At the moment I have Stan and all his health problems and I worry about him...about possibly losing my house some day, and my mom, she doesn't even know who I am, I have a live-in aide taking care of her...and my sister who has a terrible cronic disease...and my daughter who continually makes bad choices..ugggg.....but it just hit me yesterday...what the heck am I worried about? i can't change any of this, so instead of worrying myself sick...I'm going to a fund raiser tomorrow night with co-workers. I Can't wait!!!!! :chili: and in a couple of weeks I'm going to Atlanta with Ava!!! And it's spring, almost time to plant my beloved flowers.....

As for people who only "look" happy, I don't worry about them....they're only fooling themselves. True happiness is inside you, and it has nothing to do with what other people see. 

So...give someone a big smile.... it's contagious


----------



## michellerobison (Dec 17, 2009)

I try to be upbeat most of the time. It gets hard. My hubby Al he gets bummed easily.
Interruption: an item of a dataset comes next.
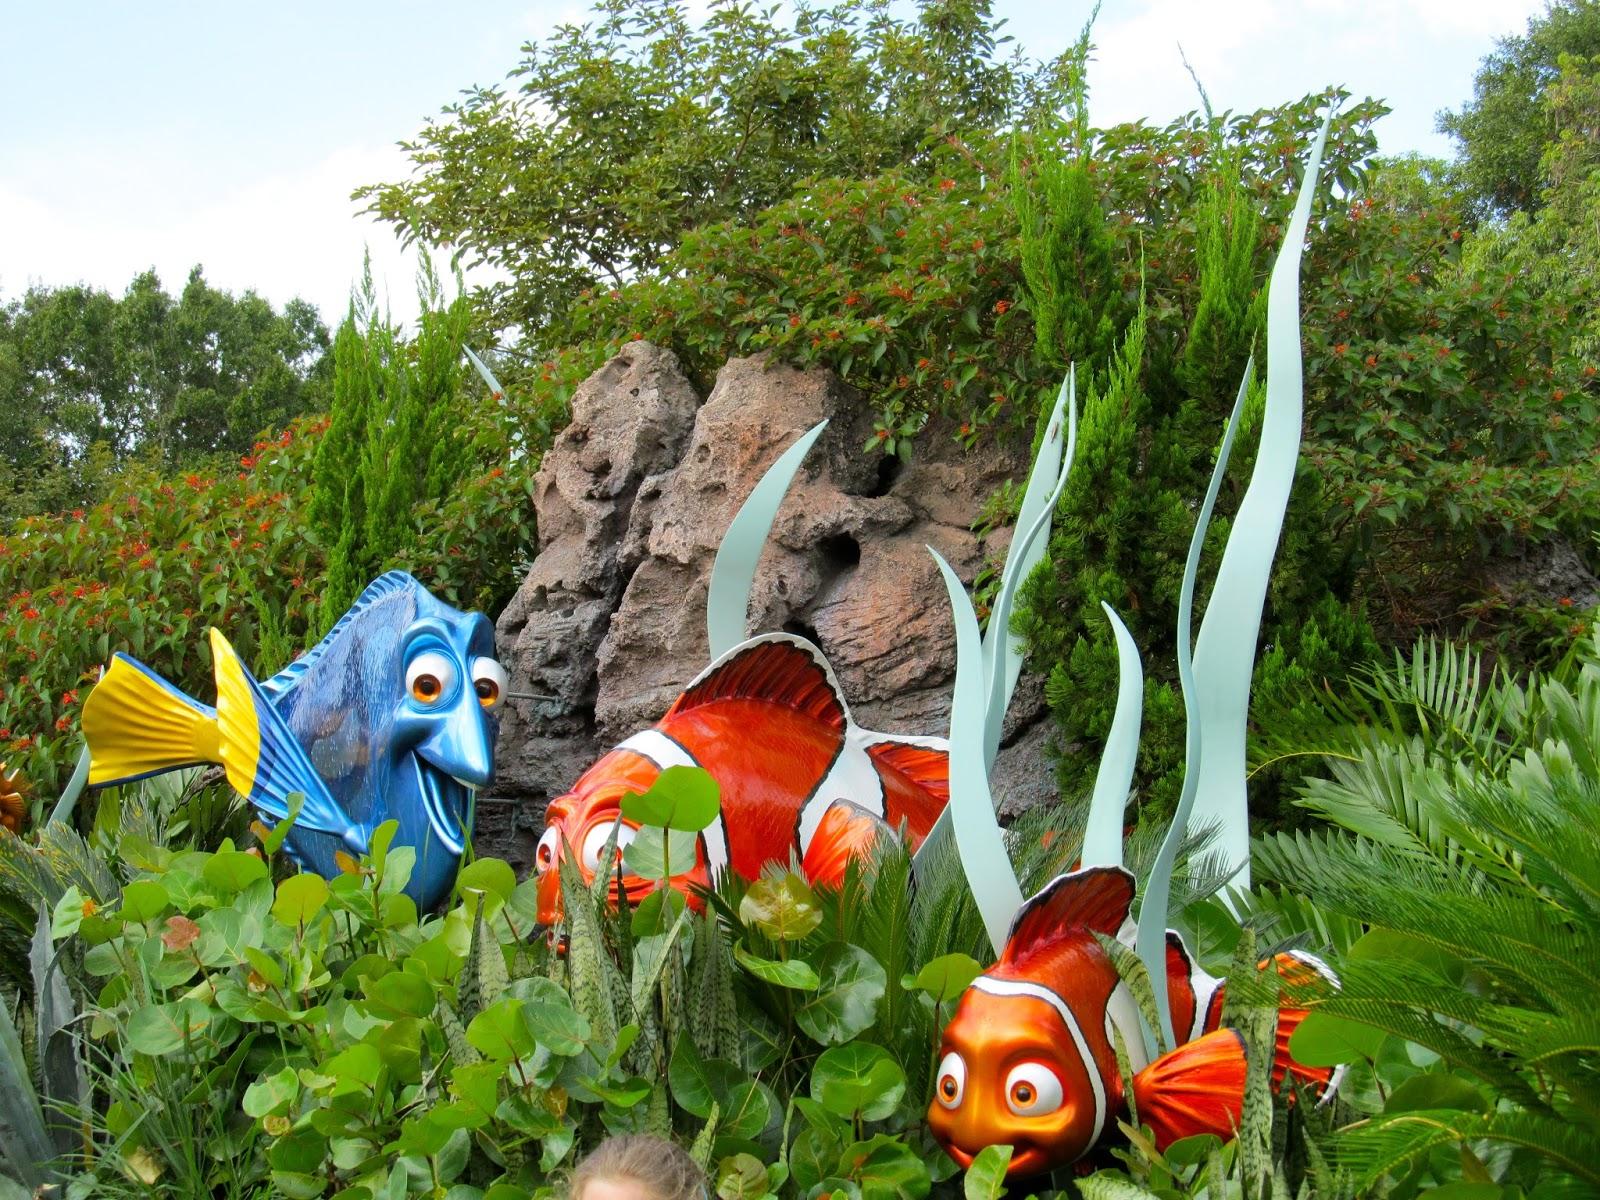 Nemo at Epcot at the Walt Disney World Resort - Orlando, FL - Ouroutdoortravels.blogspot.com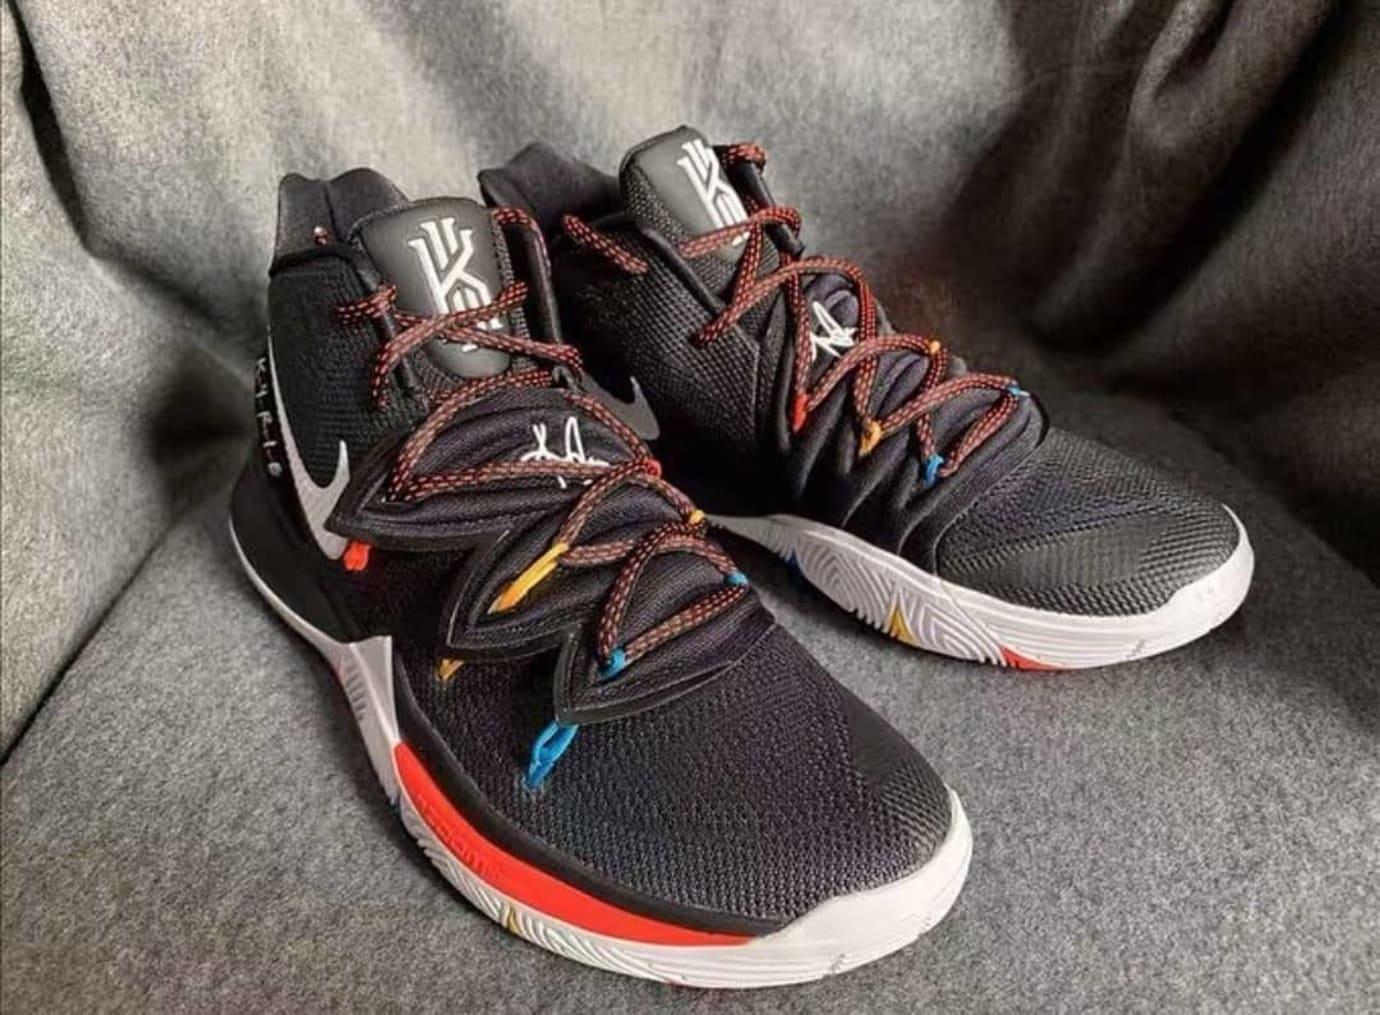 Nike Kyrie 5 'Friends' (Pair 3)

Mostly in the last 8 years w/ the economy tanking and wathing your retirement shrink while the bills and property taxes grow... He grew up poor and wanted to at least be comfortable in his old age.
I grew up poor too but I figure as long as I have a roof over my head and food in the ole tank,I'm good to go.
We're comfortable in our middle age. We worked hard for it,while our younger siblings had it given to them. But they squanderd it and they're alone,so I wonder who's lucky and blessed here,them or us....

I'd say "US" with a big "us". 

We made it,we still have each other and we're warm and dry and well fed. We have a place to relax and play and we're blessed w/ fluffs.
I think we're rich in so many ways. Tough times,we got them for sure. I'm in stage 4 kidney failure but I'm still alive and sniffing the flowers, (sniffing the fluffs too).

We were riding in the car today,I had 4 fluffs on my lap,Al had one on his. I told him if I died right now, I'd die where I wanted to be,with him beside me and covered in fluffs.To me I was already in heaven at that moment. Instead of fluffy clouds and harp music,I had fluffs and Pink Floyd! 

I guess we all have our own definition of luck and wealth and heaven on earth..


----------



## Canada (Jun 4, 2009)

This is a fascinating topic. I do think that the perpetually happy all the time people are perhaps putting up a front. I know I do, if I was sad about something I would be very chosey about who I showed my "sad face" to. I don't think that anyone lives a completely charmed life. And if we think that about someone, than perhaps we just don't know them well enough. It would be nearly impossible for people to have reached adulthood without some kind of tragedy. It is there, if we dig deep enough. Some people just wear a thicker mask.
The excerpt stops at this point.